平成23年度「脳・心臓疾患と精神障害の労災補償状況」まとめ

〜精神障害の労災請求件数が3年連続で過去最高を更新〜


 厚生労働省は15日、平成23年度の「脳・心臓疾患と精神障害の労災補償状況」を取りまとめましたので、公表します。
 くも膜下出血などの「脳血管疾患」や、心筋梗塞などの「心臓疾患」は、過重な仕事が原因で発症する場合があり、「過労死」とも呼ばれています。厚生労働省では、こうした過労死や、仕事のストレスによる精神障害の状況について、平成14年から、労災請求件数や、「業務上疾病」と認定し労災保険給付を決定した「支給決定件数」(※)などを年1回、取りまとめています。
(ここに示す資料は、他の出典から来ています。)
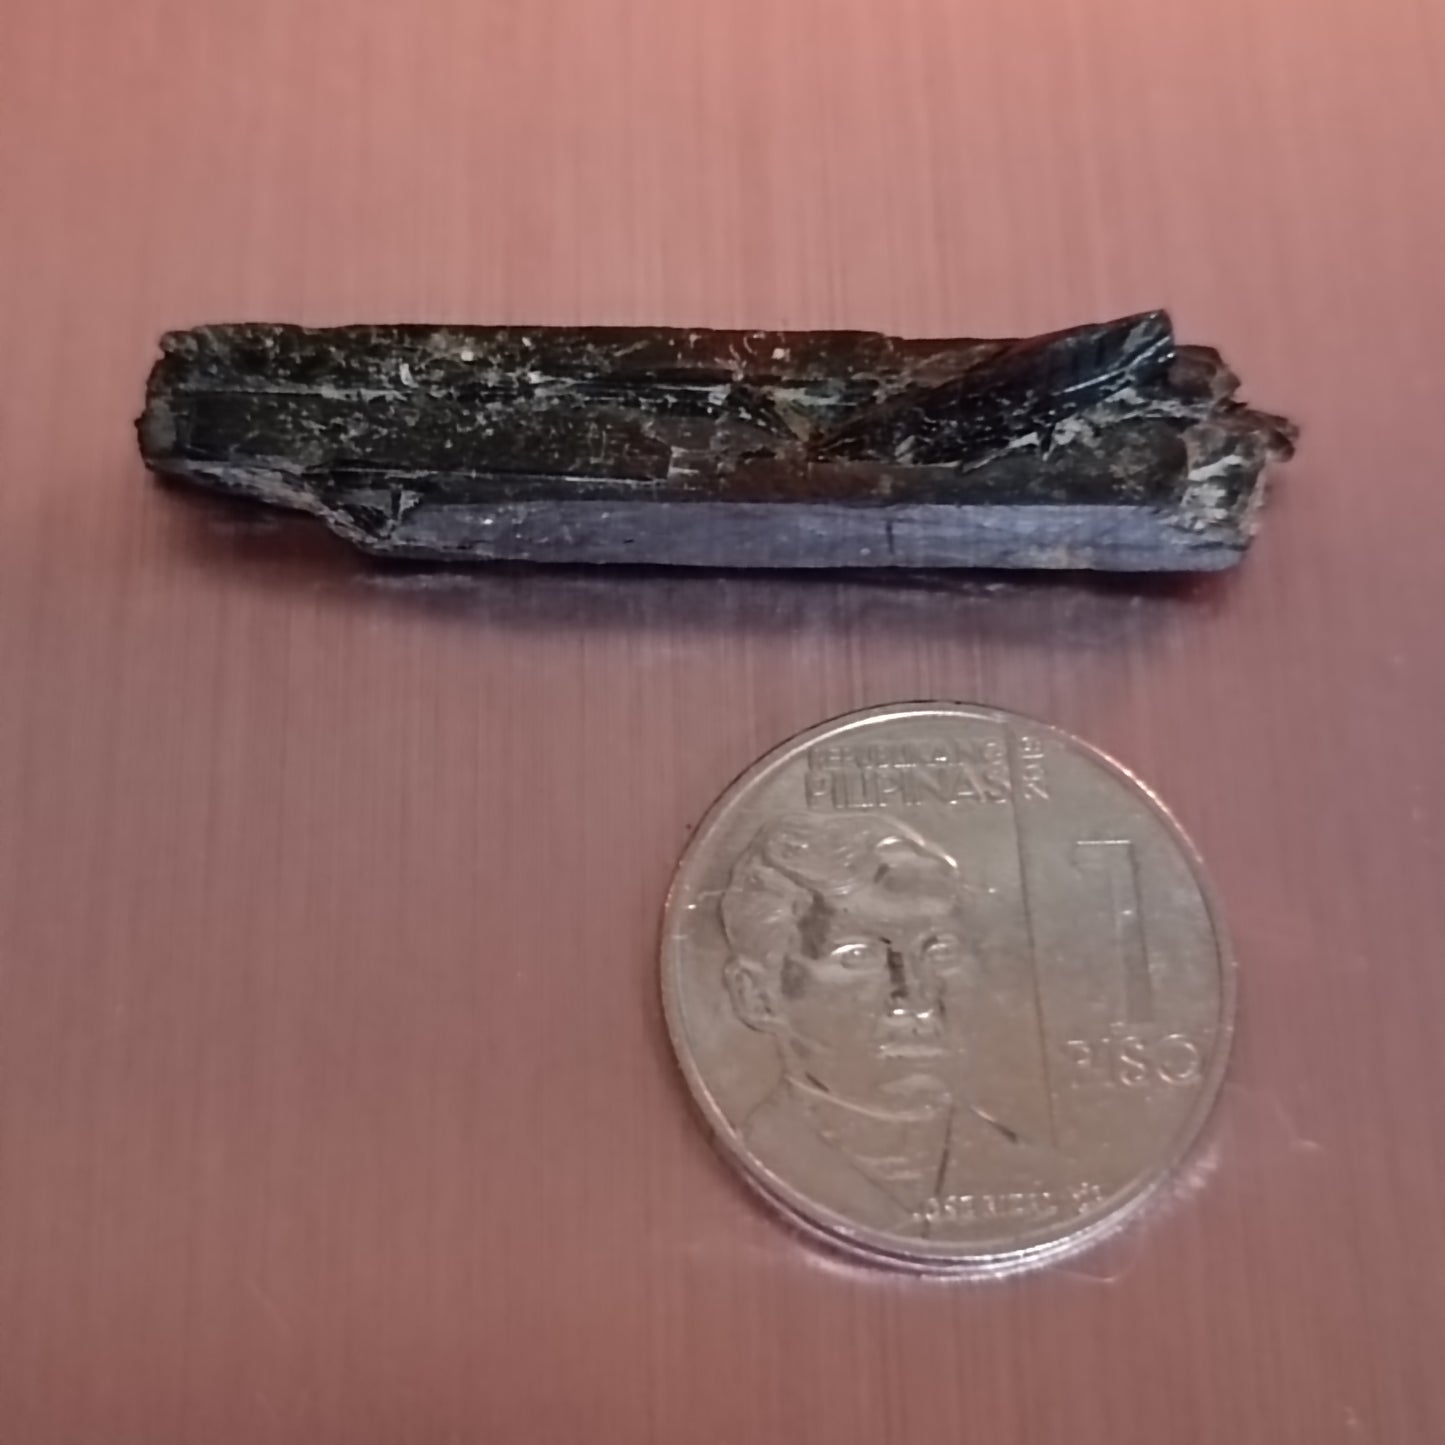 SALE!! Semi Glossy Black Aegirine Fragment
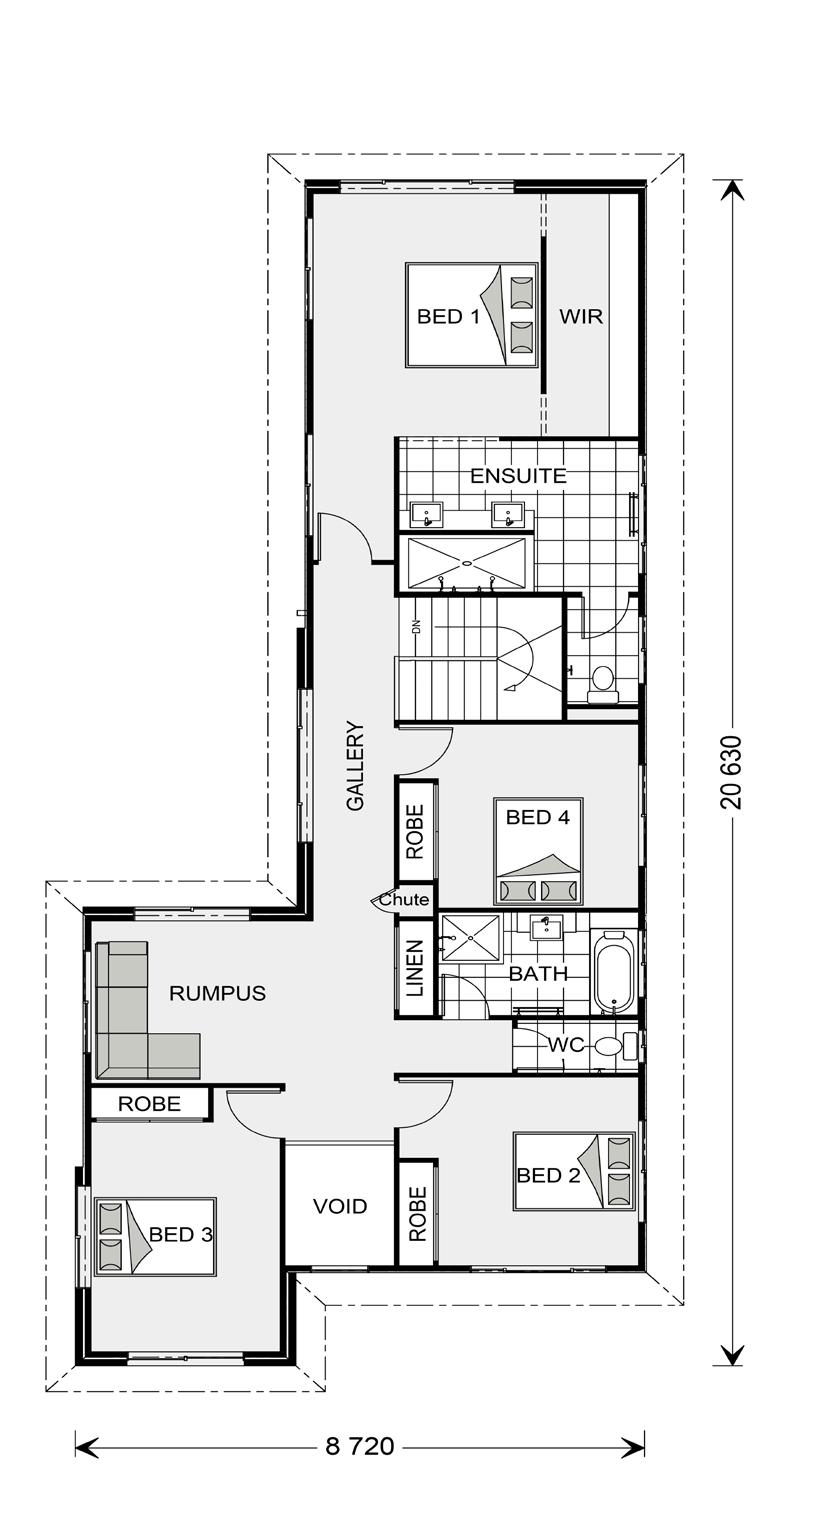 Lounge room + + Study + + Rumpus room + + Alfresco + + Double garage UPPER FLOOR SPECIFICATIONS GF Living: 127.3 sq.m 13.8 sq UF Living: 123.

(※)「支給決定件数」は、平成23年度中に「業務上」と認定した件数で、平成23年度以前に請求があったものを含む。


【ポイント】
1 「過労死」など、脳・心臓疾患に関する事案の労災補償状況
(1) 労災補償の「請求件数」は898件で、前年度比96件の増。2年連続で増加した。  【P3 表1−1】
(2) 労災補償の「支給決定件数」は310件(同25件の増)で、4年ぶりに増加に転じた。 【P3 表1−1】
(3) 業種別(大分類)では、請求件数、支給決定件数ともに、「運輸業,郵便業」(182件、93件)「卸売業・小売業」(143件、48件)「製造業」(132件、41件)の順に多い。中分類では、請求件数、支給決定件数ともに「運輸業,郵便業」の「道路貨物運送業」(123件、75件)が最多。 【P4 表1−2、P5 表1−2−1、P6 表1−2−2】
(4) 職種別(大分類)では、請求件数は「輸送・機械運転従事者」(173件)、「専門的・技術的職業従事者」(124件)、「販売従事者」(113件)の順で多く、支給決定件数は「輸送・機械運転従事者」(89件)、「専門的・技術的職業従事者」(37件)、「管理的職業従事者」「サービス職業従事者」(ともに32件)の順に多い。 【P7 表1−3、P8 表1−3−1、P9 表1−3−2】
(5) 年齢別では、請求件数、支給決定件数ともに「50〜59歳」(314件、119件)、「40〜49歳」(228件、95件)、「60歳以上」(227件、60件)の順に多い。 【P10 表1−4】

2 精神障害に関する事案の労災補償状況
(1) 労災補償の「請求件数」は1,272件で、前年度比91件の増。3年連続で過去最高。 【P14 表2−1】
(2) 労災補償の「支給決定件数」は325件(同17件の増)で、過去最高。 【P14 表2−1】
(3) 業種別(大分類)では、請求件数、支給決定件数ともに、「製造業」(216件、59件)、「卸売業・小売業」(215件、41件)、「医療,福祉」(173件、39件)の順に多い。中分類では、請求件数は「医療業」(94件)、支給決定件数は「総合工事業」(22件)が最多。 【P15 表2−2、P16 表2−2−1、P17 表2−2−2】
(4) 職種別(大分類)では、請求件数は「事務従事者」(323件)、「専門的・技術的職業従事者」(318件)、「販売従事者」(167件)の順で多く、支給決定件数は「専門的・技術的職業従事者」(78件)、「事務従事者」(59件)「販売従事者」(40件)の順に多い。 【P18 表2−3、P19 表2−3−1、P20 表2−3−2】
(5) 年齢別では、請求件数、支給決定件数ともに「30〜39歳」(420件、112件)、「40〜49歳」(365件、71件)、「20〜29歳」(247件、69件)の順に多い。 【P21 表2−4】
(6) 出来事別の支給決定件数は、「仕事内容・仕事量の(大きな)変化を生じさせる出来事があった」(52件)、「悲惨な事故や災害の体験、目撃をした」(48件)、「(ひどい)嫌がらせ、いじめ、又は暴行を受けた」(40件)の順に多い。 【P25 表2−8】

※詳細は別添資料をご覧ください。